To investigate this I looked at data from https://oec.world/en/resources/data/. This includes bilateral trade data between countries and is broken down into hundreds of different categories of products. I'll look at a few things 1) are the outliers of Iran, Italy, and South Korea explained by trade with china? and 2) are some categories of traded products more correlated with rates of infection and 3) if so which products are more correlated?
1) Are Chinese Exports Correlated with COVID-19 Rates?
Below is a plot of COVID-19 rates by total Chinese exports for each country in 2017 (the latest data available). One can see a fairly strong association between these two variables. However there are a few outliers.
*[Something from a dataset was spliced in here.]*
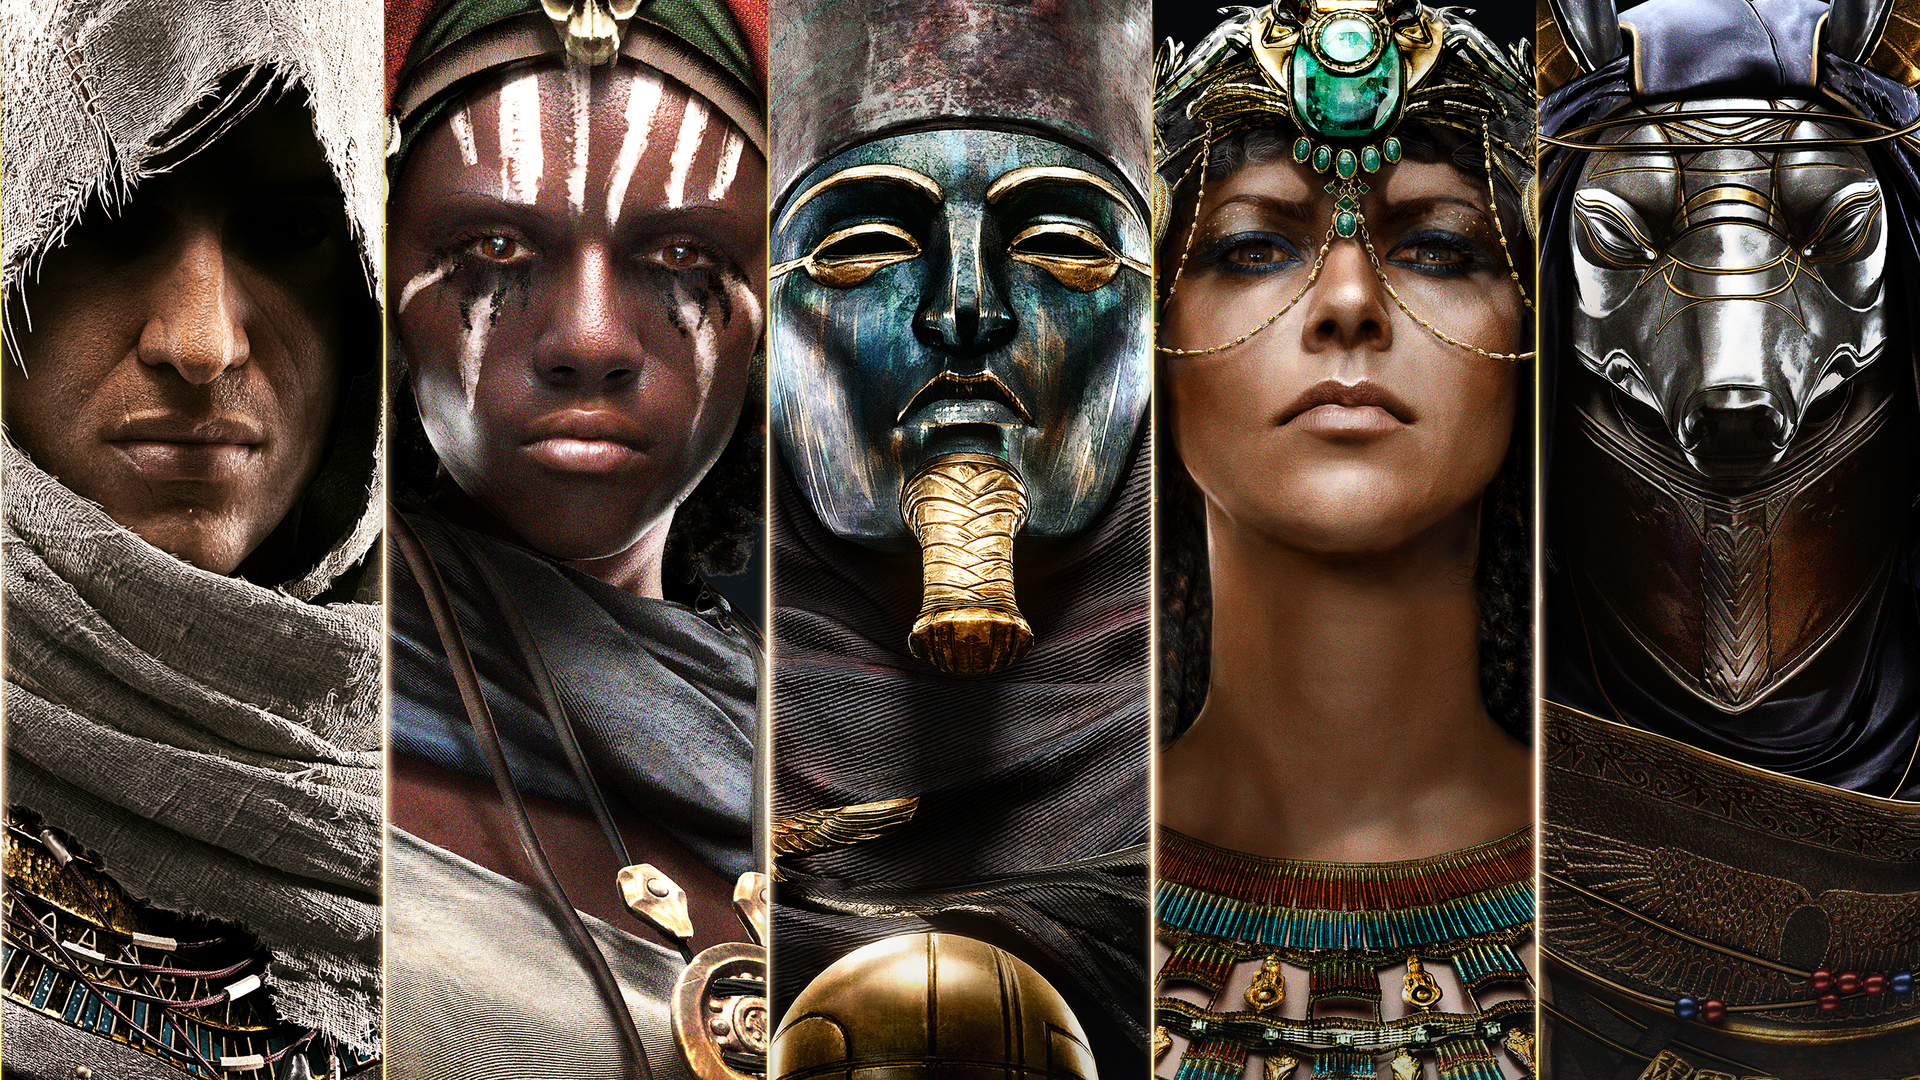 Cleopatra Art Assassins Creed Origins

Notably South Korea, Italy, and Iran are still above expected along with smaller countries and territories like San Marino.
Running a random forest of log(COVID-19-rates)~log(total_chinese_exports) yields an out-of-bag (OOB) r^2 of .12. So while relationship appears to be highly correlated there are enough outliers to decrease the 'explained' variance in infection rates.
2) Are there product categories among Chinese Exports that are more correlated with COVID-19?
To test this I ran a random forest of log(COVID-19-rates) on all export amounts broken out by categories. This is a very wide data set with 97 countries (observations) and over 1200 categories (explanatory variables). Even this wide dataset produced an OOB r^2 of .49 meaning that it captured much of variance not captured by previous univariate model.
Below a scatterplot of COVID-19 rates by these OOB random forest predictions. San Marino does not look like a large outlier anymore but Italy and South Korea do. Iran looks like a much larger outlier.
3) Which product categories are more correlated with COVID-19?
To answer this question I setup a model of same form as the random forest in 2) but used a lasso regression to apply variable selection. Below are the scaled coefficients kept by lasso regression.
One can see Chinese nickel powder and sunflower exports are more correlated with COVID-19 rates in importing country.
I looked at these and couldn't really make a story behind it. For instance the 7th most important feature had to do with swords and bayonets. I have no idea what this means :).
Conclusion:It appears trade is highly correlated with COVID-19 rates. In addition the evidence suggests that some industries are more correlated with COVID-19 rates than others (do to increase in r^2 between 1) and 2) ).
However, it's still not clear why countries like Iran have such high rates. Perhaps the data is stale since it was from 2017 or maybe Iran-Chinese trade is under reported in this dataset due to US sanctions.